Toxicity of hexachloronaphthalene (HxCN) and induction of CYP 1A in rats.

机构信息

Department of Toxicology, Faculty of Pharmacy, Medical University, Muszynskiego 1, 90-151 Lodz, Poland.

出版信息

Ecotoxicol Environ Saf. 2010 Feb;73(2):196-205. doi: 10.1016/j.ecoenv.2009.08.018. Epub 2009 Sep 26.

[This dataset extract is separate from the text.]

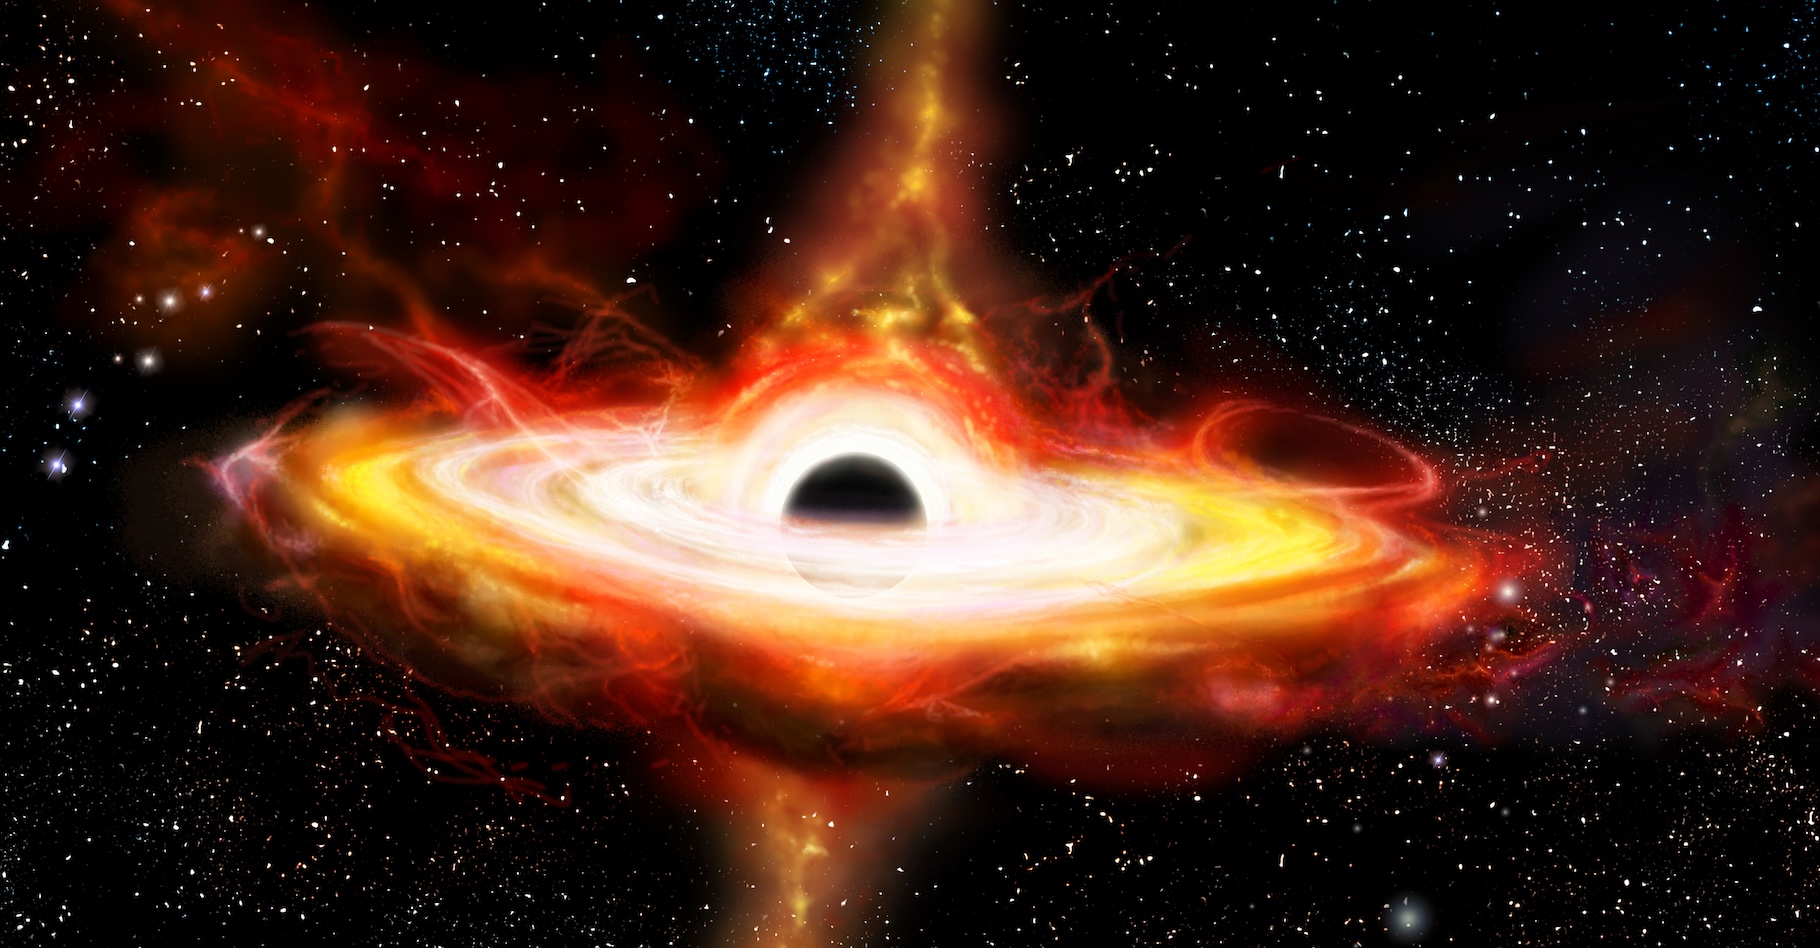 Des chercheurs de l’Institut des sciences et technologies d’Autriche viennent d’identifier des « bébés quasars » qui pourraient les aider à comprendre comme les trous noirs supermassifs grandissent, parfois de manière extrêmement rapide. © dracozlat, Adobe Stock

DOI:10.1016/j.ecoenv.2009.08.018
PMID:19783048
Abstract

The aim of the study was to investigate the toxicity of hexachloronaphthalene (HxCN) and its effect on cytochrome P-450 in rats and to make a comparison between HxCN and tetrachloronaphthalene (TeCN), an inactive congener. Our study provided evidence that the anorectic effect, with concurrent significant increase in relative liver mass was the most spectacular symptom of the toxic effect of hexachloronaphthalene in the rats after its single (250mg/kg) and repeated (1 and 10mg/kg) administration. Regardless of the kind of the experiment (acute or subacute toxicity), dose-dependent increase in lipid peroxidation in the liver was also observed, which may indicate that HxCN most probably generates oxidative stress in this organ. It was also observed that HxCN is a very strong inducer of cytochrome P-450, especially of CYP 1A, which is the most sensitive biomarker of exposure to this congener. In this study, LOAEL is 1mg HxCN/kgb.w.

摘要

本研究旨在探究六氯萘(HxCN)的毒性及其对大鼠细胞色素 P-450 的影响,并将其与四氯萘(TeCN)这一惰性同系物进行比较。我们的研究结果表明,在大鼠单次(250mg/kg)和重复(1 和 10mg/kg)给予 HxCN 后,其最显著的毒性作用是引起厌食症,同时相对肝脏质量显著增加。无论实验类型(急性或亚急性毒性)如何,肝脂质过氧化均呈剂量依赖性增加,这可能表明 HxCN 很可能在该器官中产生氧化应激。此外,还观察到 HxCN 是细胞色素 P-450 的强诱导剂,尤其是 CYP 1A,它是暴露于该同系物的最敏感生物标志物。在本研究中,HxCN 的 LOAEL 为 1mg/kgbw。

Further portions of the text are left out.